— Хорошее дело. — Только и успела сказать Виктория, как Лиля тут же воскликнула, так чтобы слышали все:
— А что? Надеяться не на кого. Мужики черти-чем занимаются. Как посмотришь — замуж не хочется. — И с укоризной оглядела присутствующих мужчин, глотнула водки из стакана и, уже обращаясь к представительницам женского пола, сказала так, словно угрожала кому-то:
— Во, девки, я всегда говорю — замуж надо выходить за иностранца! Иначе все равно придется свое дело открыть. — И захрумкала соленым огурцом.

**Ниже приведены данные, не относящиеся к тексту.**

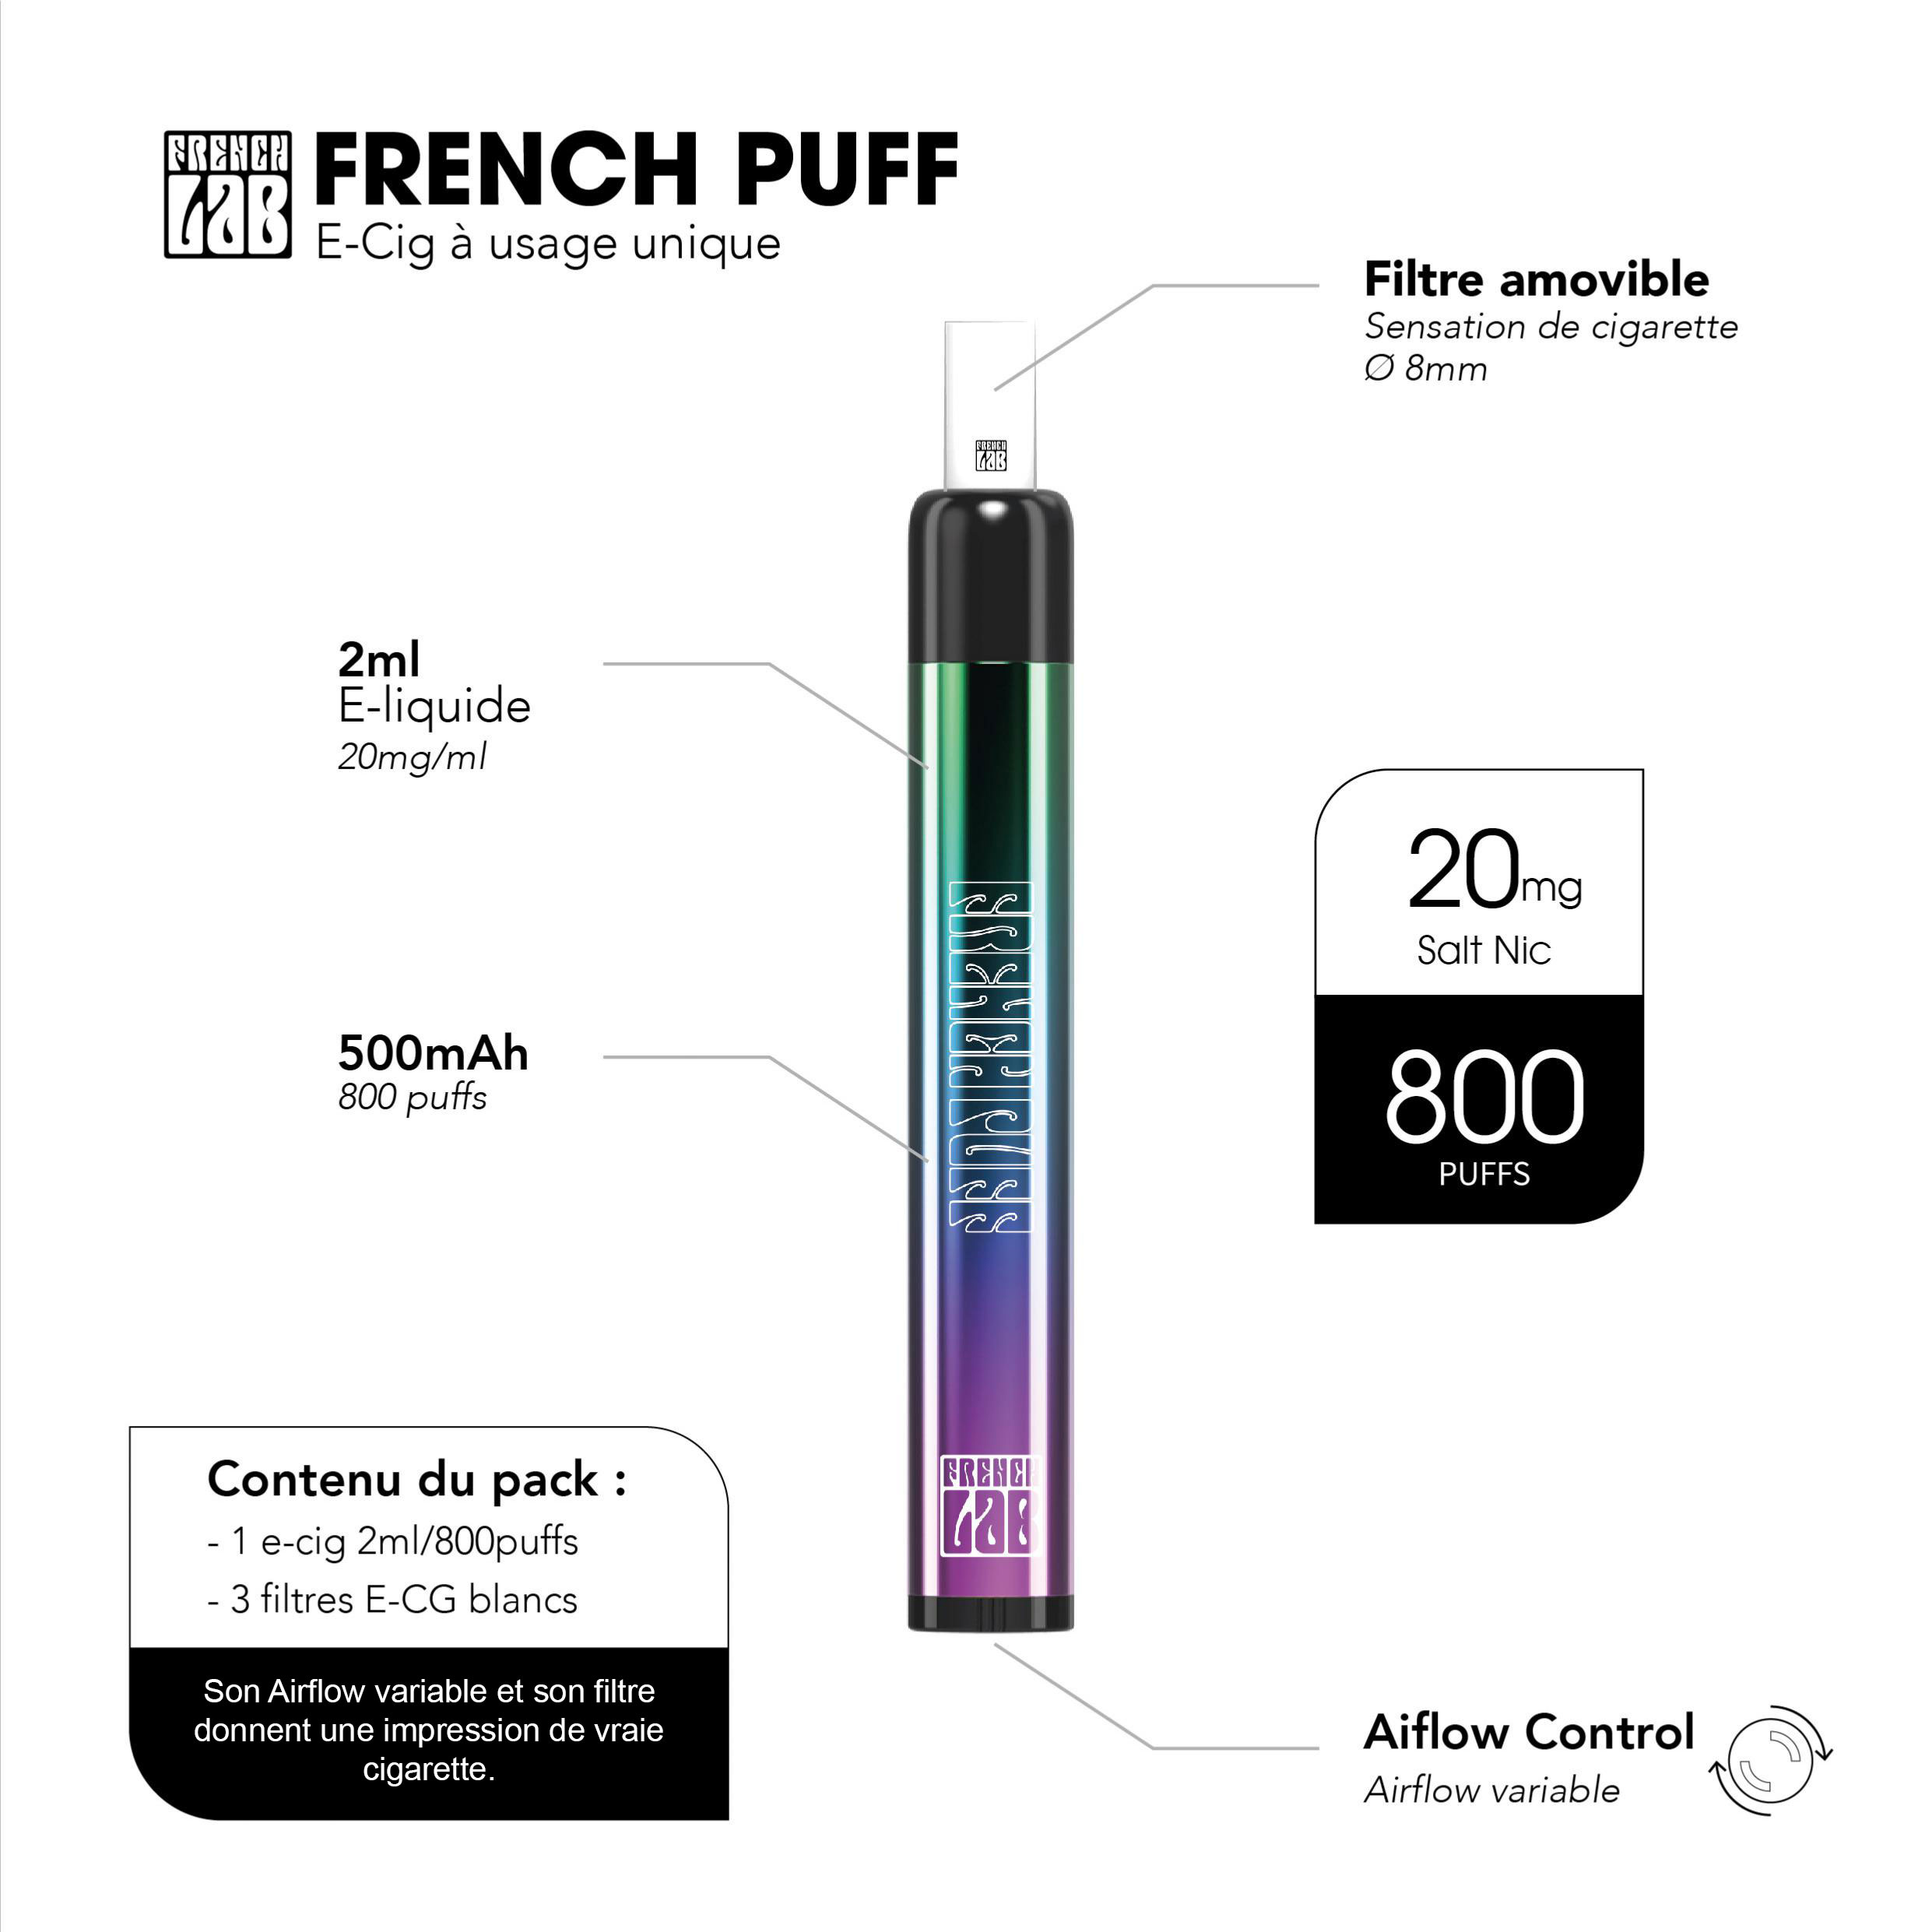 800 bouffÃ©es, Ã©quivalent Ã  5 paquets de cigarettes classiques sur la French Puff Blond Tobacco

Третьим из гостей Якоба был скромный парень. Он бросал на Викторию скромные взгляды из под ровной челки шелковисто-белесых волос. И тут же опускал глаза и краснел, когда замечал, что Виктория видит это. Он оказался бомжом — Пашей, которого пригрел Мишка, за то, что Паша чинил его Ситроен.
Очень быстро собравшаяся компания начала утомлять Викторию. Их кипучая энергия после третьего тоста превратилась в назойливое панибратство. К тому же смех, жесты, голос Зинаиды с каждой минутой становились все жеманнее и жеманнее, глаза её постоянно суетливо перенастраивались с одного на другого, стараясь не остановиться взглядом на Якобе. Виктория заметила это и дала знак, что пора идти. Не досидев до логического конца — то есть до полного разброда и шатания, они вышли из-за стола. Виктория, извинилась, сказав, что у них ещё есть неотложные дела.
— Ну… зачем так? Зачем! — капризничала опьяневшая Зинаида по дороге домой. — Люди такие приличные, так хорошо сидели! А Якоб — какой он солидный!..
— Маминькин сыночек. — Мрачно усмехнулась Виктория.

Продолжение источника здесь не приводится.